Good solution for storing and processing large data
May 20, 2021

Good solution for storing and processing large data

Anonymous | TrustRadius Reviewer
Score 7 out of 10
Vetted Review
Verified User

Modules Used

  • Hadoop Common
  • Hadoop Distributed File System
  • Hadoop MapReduce

Overall Satisfaction with Apache Hadoop

We use Apache Hadoop to store and process large amounts of data (petabytes per day) across thousands of data pipelines. Hadoop works reliably for this purpose. Data scientists at the company also use it for interactive querying for analytics and modeling purposes.
  • Storing large amounts of data
  • Processing large amounts of data via a familiar SQL interface
  • Slower than other interactive querying engines. Queries take minutes at least and up to hours sometimes
  • Tuning the settings to be able to run certain queries can require a lot of domain knowledge
  • Large scale data storage
  • Large scale data processing
  • Large scale interactive data querying
  • Makes all of the company's data easily accessible via a SQL interface
  • Allows affordable data storage
Spark is a good alternative to Hadoop that can have faster querying and processing performance and can offer more flexibility in terms of applications that it can support.

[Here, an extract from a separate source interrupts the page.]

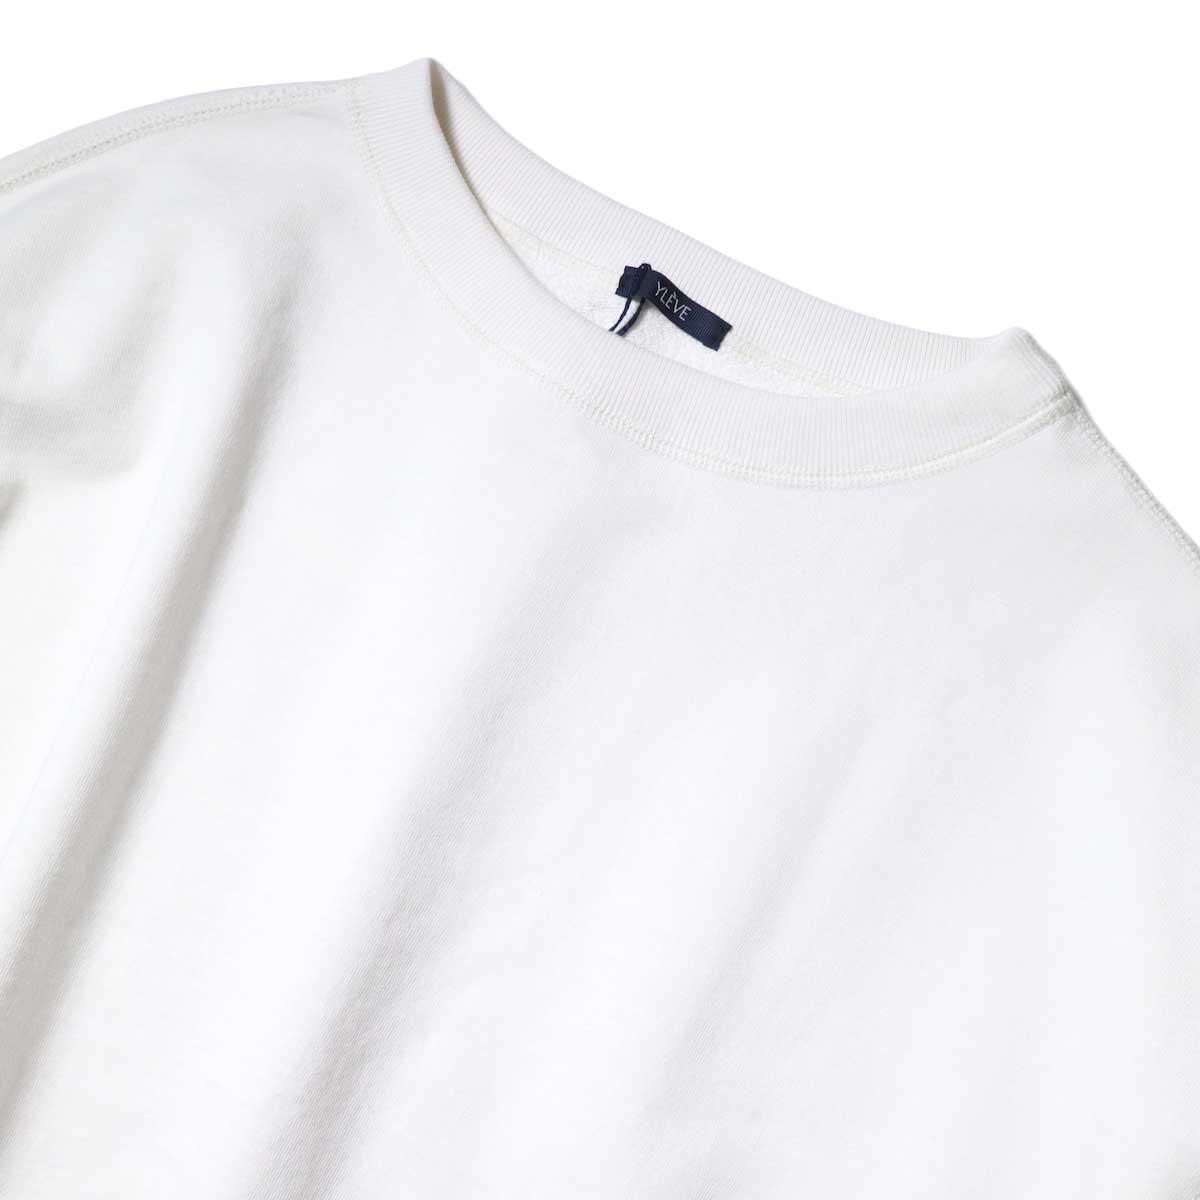 YLEVE / SUVIN CTN CUTOFF BIG (White) ネック

Google BigQuery has also been a great alternative and is especially great in terms of ease of use. The capacity to process data and the speed are great without having to do any settings tuning or optimization. It also doesn't require any on-site hosting, making it a great hands off solution.

Do you think Apache Hadoop delivers good value for the price?

Yes

Are you happy with Apache Hadoop's feature set?

Yes

Did Apache Hadoop live up to sales and marketing promises?

I wasn't involved with the selection/purchase process

Did implementation of Apache Hadoop go as expected?

I wasn't involved with the implementation phase

Would you buy Apache Hadoop again?

Yes

If you have petabytes of data that you need to store and process on a regular basis and don't mind having to wait minutes for your queries to run, Apache Hadoop is great for that use case. I would supplement it with another faster interactive database for interactive querying.